The GPT Lineage: GPT [2], GPT-2 [3], GPT-3 [4], and GPT-4 [5]
The most widely known and visible application of LLM scaling laws was in the creation of OpenAI’s GPT lineage of models. We will primarily focus open earlier models in this lineage—up to GPT-3—because:
The details of these models were shared more openly.
Later models heavily benefitted from advancements in post-training research in addition to scaling up the pretraining process.
We will also cover some of the known scaling results from models like GPT-4.
The original GPT model [2] was actually quite small—12 layers and 117M parameters in total. This model is first pretrained over BooksCorpus, a dataset that contains the raw text of ~7,000 books. Then, we finetune the model to solve a variety of different downstream tasks by using a supervised training objective and creating a separate classification head for each task; see above. This paper was one of the first to perform large-scale, self-supervised pretraining of a decoder-only transformer, which led to a few interesting findings:
Self-supervised pretraining on flat text is incredibly effective.

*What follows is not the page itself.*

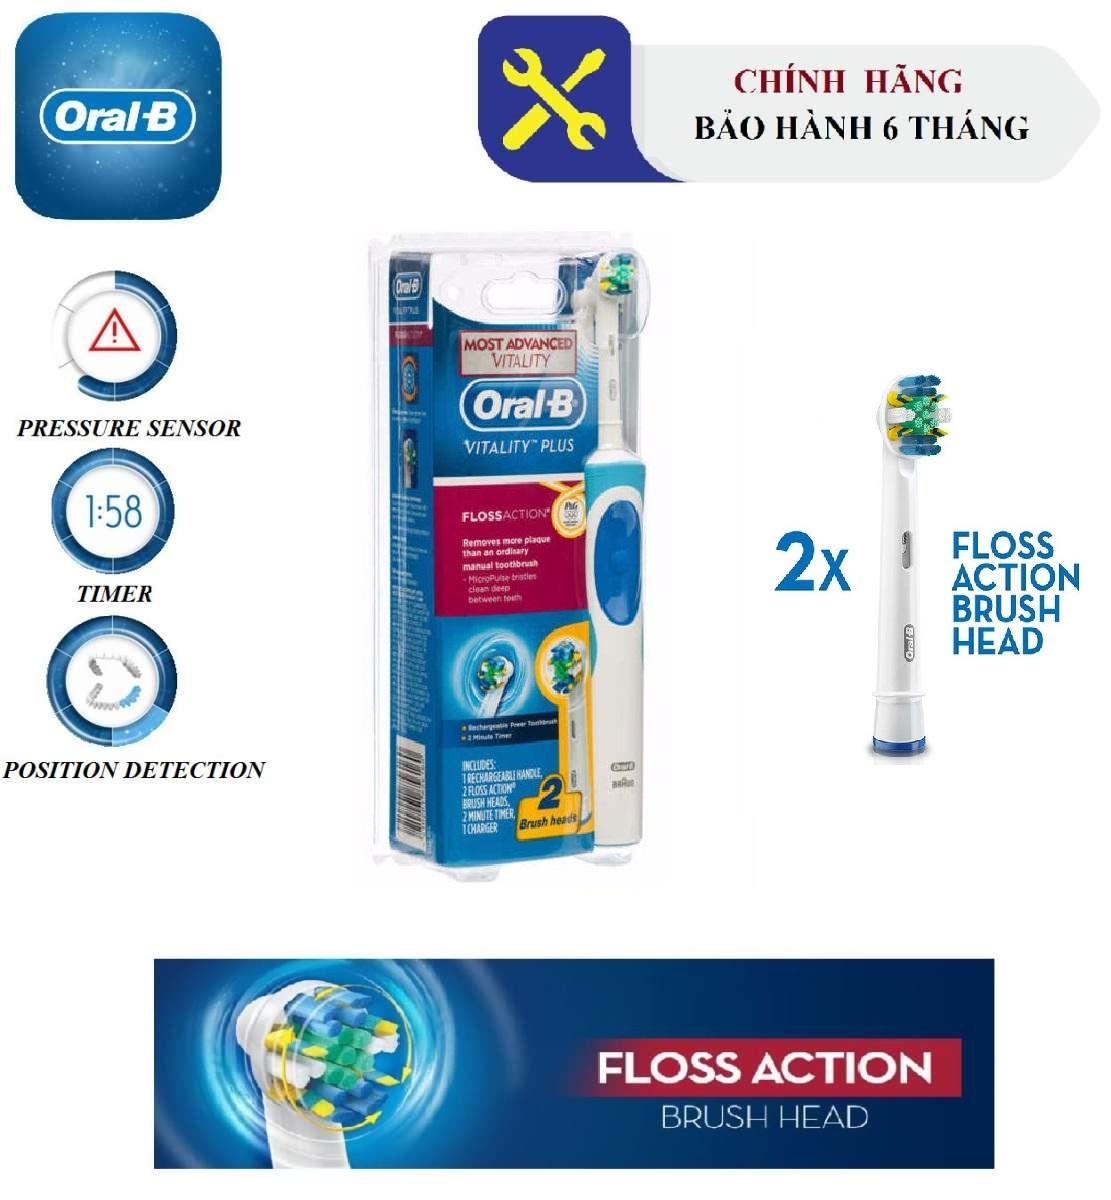 Bàn chải đánh răng điện Oral-B Vitality Plus FlossAction - Trọn bộ (1 Đế sạc, Thân bàn chải, 2 Đầu thay thế FlossAction) - Bảo hành 6 tháng

Using long, contiguous spans of text for pretraining is important.
When pretrained in this manner, a single model can be finetuned to solve a wide variety of different tasks with state-of-the-art accuracy6.
Overall, GPT was not an especially noteworthy model, but it laid some important foundations (i.e., decoder-only transformer and self-supervised pretraining) for later work that explored similar models at a much larger scale.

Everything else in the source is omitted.